Given material –
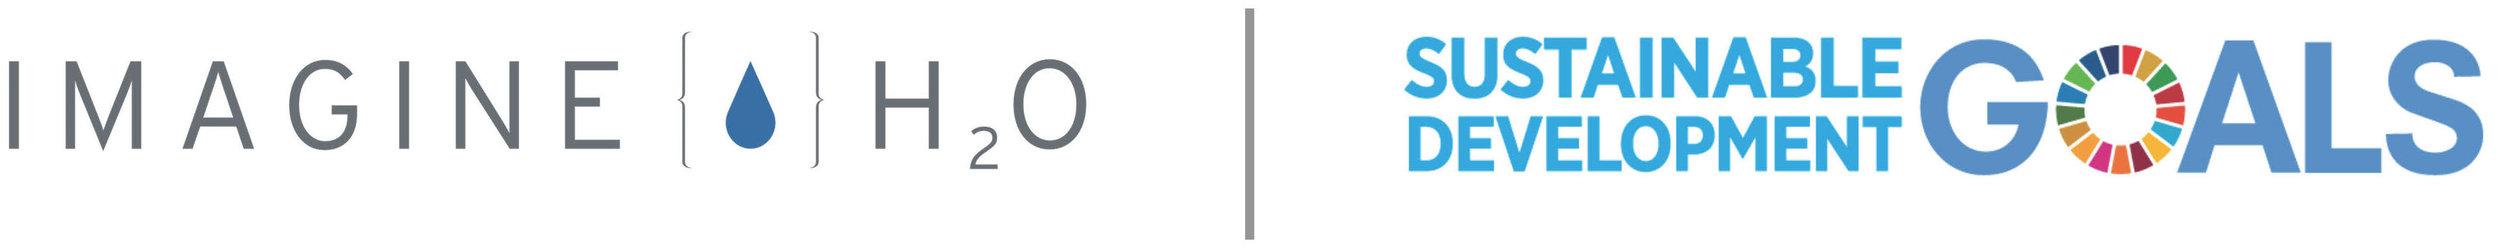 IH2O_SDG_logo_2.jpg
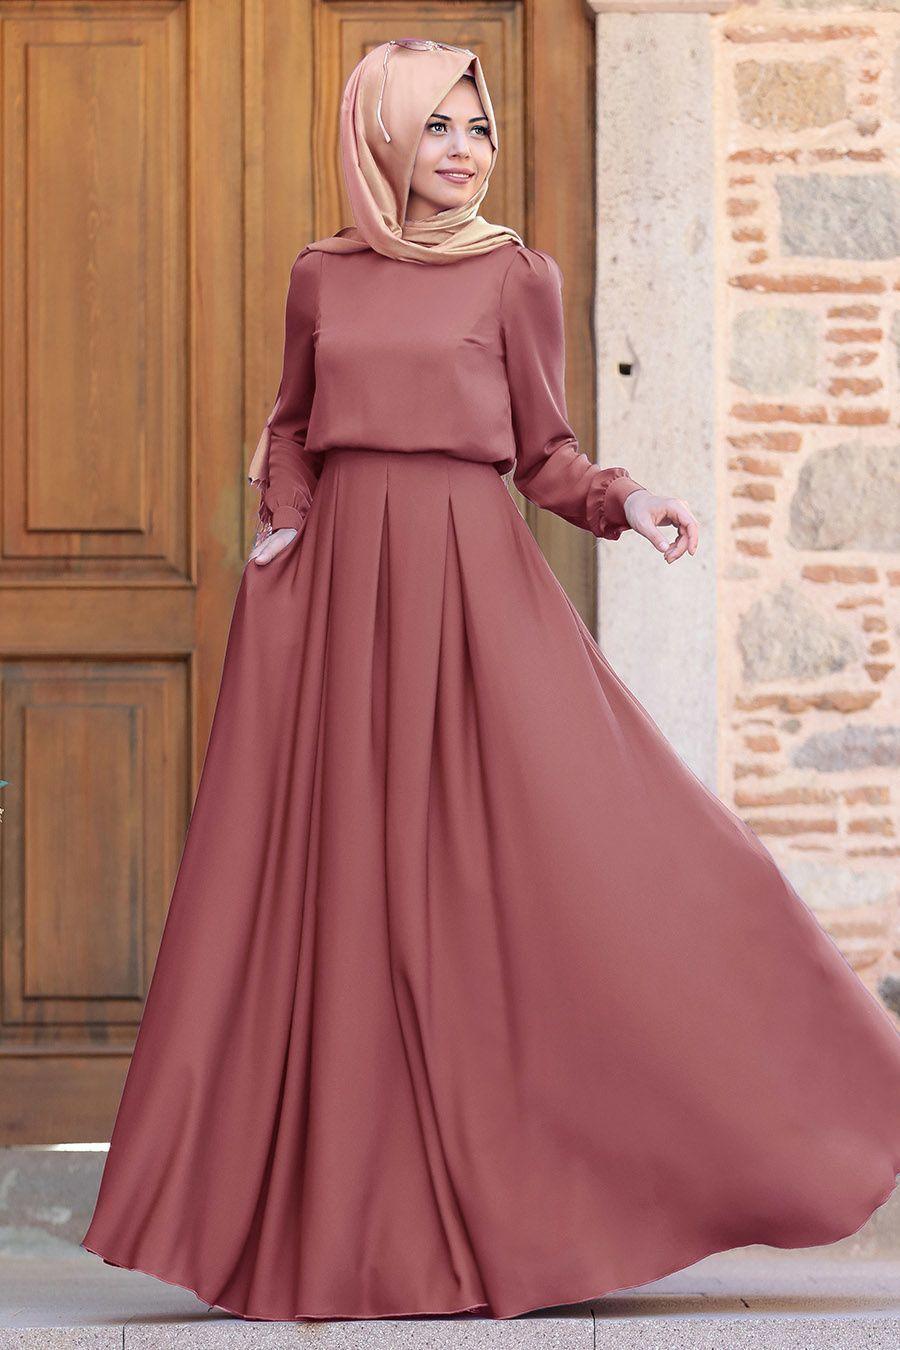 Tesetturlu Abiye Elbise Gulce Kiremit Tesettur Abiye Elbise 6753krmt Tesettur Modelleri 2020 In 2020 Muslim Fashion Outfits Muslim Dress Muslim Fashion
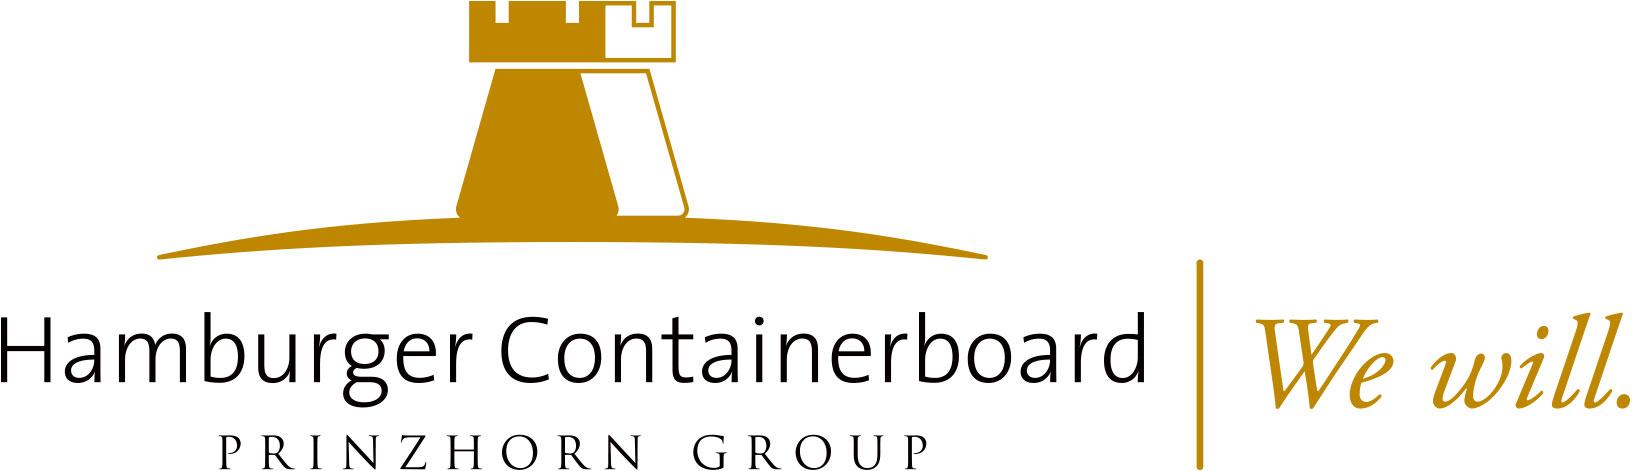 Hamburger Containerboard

Description of the task – Copy out the material above in full and exactly, but with no pictures.

Written solution –
 IH2O_SDG_logo_2.jpg
 Tesetturlu Abiye Elbise Gulce Kiremit Tesettur Abiye Elbise 6753krmt Tesettur Modelleri 2020 In 2020 Muslim Fashion Outfits Muslim Dress Muslim Fashion
 Hamburger Containerboard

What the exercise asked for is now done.